À faire avant de connecter un agent IA à votre référentiel d'architecture.

  • Confirmer où vont prompts et réponses, et si la donnée reste dans votre région
  • Imposer un accès permission-aware : l'agent ne voit que ce que l'utilisateur peut voir
  • Classer et masquer les types d'objets sensibles (vulnérabilités, flux de données, contrôles)
  • Logger prompts et réponses pour l'audit, et garder un humain dans la boucle pour tout changement

Avant de connecter ChatGPT, Copilot, Claude ou Gemini à votre référentiel EA, déroulez cette checklist risque et conformité : résidence, permissions, redaction, traçabilité, DORA, RGPD et règlement IA.

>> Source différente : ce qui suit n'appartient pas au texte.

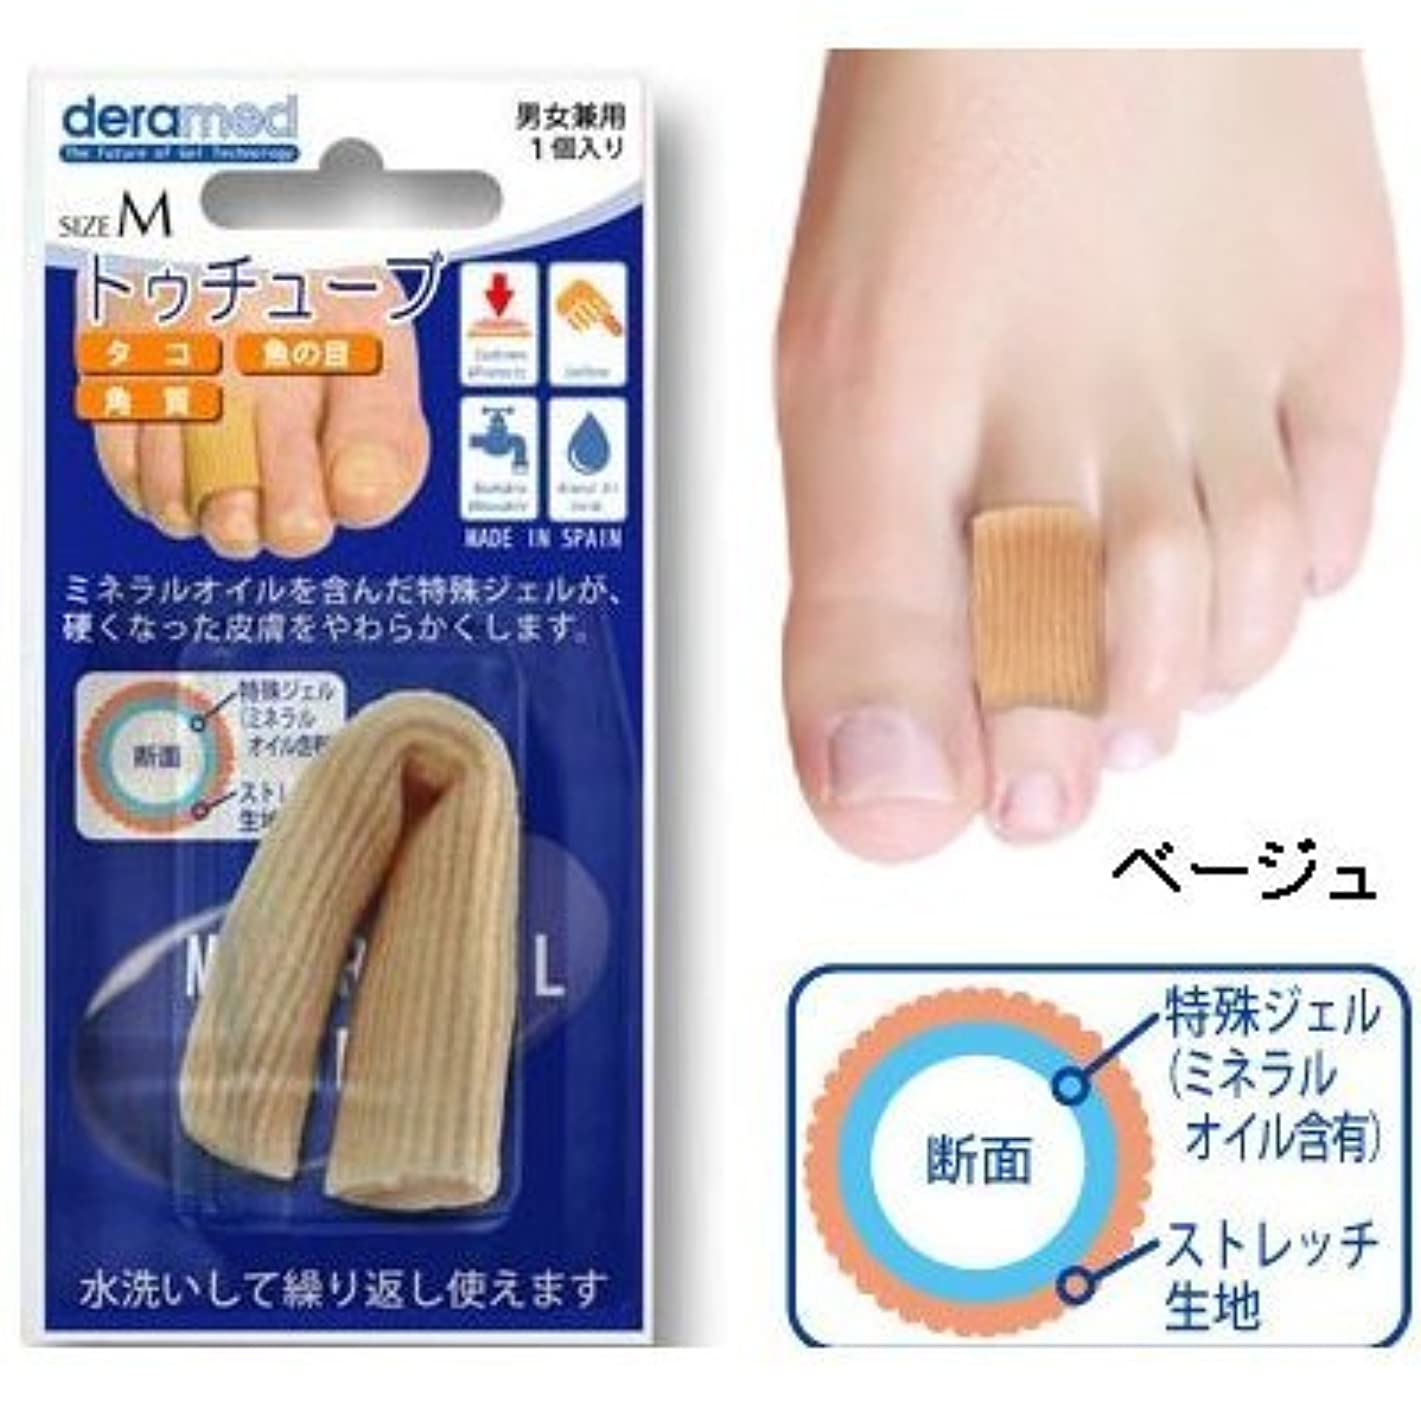 医薬品合併小道具deramed(デラメド)トゥチューブ (S)

Diagramme Connecter l'IA à votre référentiel EA : une checklist de conformité

FAQ

Est-il prudent de connecter ChatGPT ou Copilot à notre référentiel EA ?

Tout dépend de la manière de procéder, et de ce qui sort de votre contrôle. Un référentiel EA est proche d'un plan complet de l'organisation : inventaire des systèmes, dépendances critiques, composants obsolètes, vulnérabilités connues et flux de données sensibles. Connecter un assistant généraliste sans garanties de résidence, sans conscience des permissions, sans redaction ni journalisation peut transformer un gain de productivité en divulgation incontrôlée de votre cartographie la plus sensible. La checklist de cet article vise à rendre cette décision délibérée plutôt qu'accidentelle.

Utiliser un service IA en région UE nous rend-il conformes à DORA ou au RGPD ?

Non. La résidence des données est nécessaire mais pas suffisante. DORA examine la gestion du risque tiers TIC, le risque de concentration et les stratégies de sortie ; le RGPD examine la base légale, les transferts et les droits des personnes ; le règlement IA ajoute des obligations par classe de risque. Héberger dans l'UE ne couvre qu'une dimension parmi plusieurs. La conformité s'établit par votre gouvernance, vos contrats, vos preuves et vos contrôles — évalués au regard de votre propre périmètre réglementaire — pas par un simple drapeau d'hébergement.

Quel est le risque le plus souvent oublié en connectant une IA aux données EA ?

La conscience des permissions. Beaucoup d'intégrations laissent l'agent lire l'ensemble du référentiel quel que soit le demandeur : un utilisateur accède de fait à des objets qu'il ne pourrait jamais ouvrir dans l'outil EA lui-même. Un auditeur y lit une frontière de contrôle d'accès rompue. L'agent ne doit voir que ce que l'utilisateur demandeur a le droit de voir, et cela doit être démontrable.

Cette checklist constitue-t-elle un avis juridique ou de conformité ?

Non. C'est une aide à la documentation et au cadrage du risque pour aider les équipes architecture, sécurité et conformité à structurer la discussion et à rassembler des preuves. Ce n'est pas un avis juridique et cela ne vous rend pas conforme à DORA, NIS2, au RGPD, au règlement IA, aux attentes de la CSSF ou à tout autre régime. Validez chaque décision avec vos fonctions juridique, DPO et risque, au regard de votre situation précise.

Le MCP suffit-il à rendre notre architecture AI-ready ?

Non. Le MCP est le transport ; la valeur est la qualité, la fraîcheur, la gouvernance et la souveraineté du contexte exposé.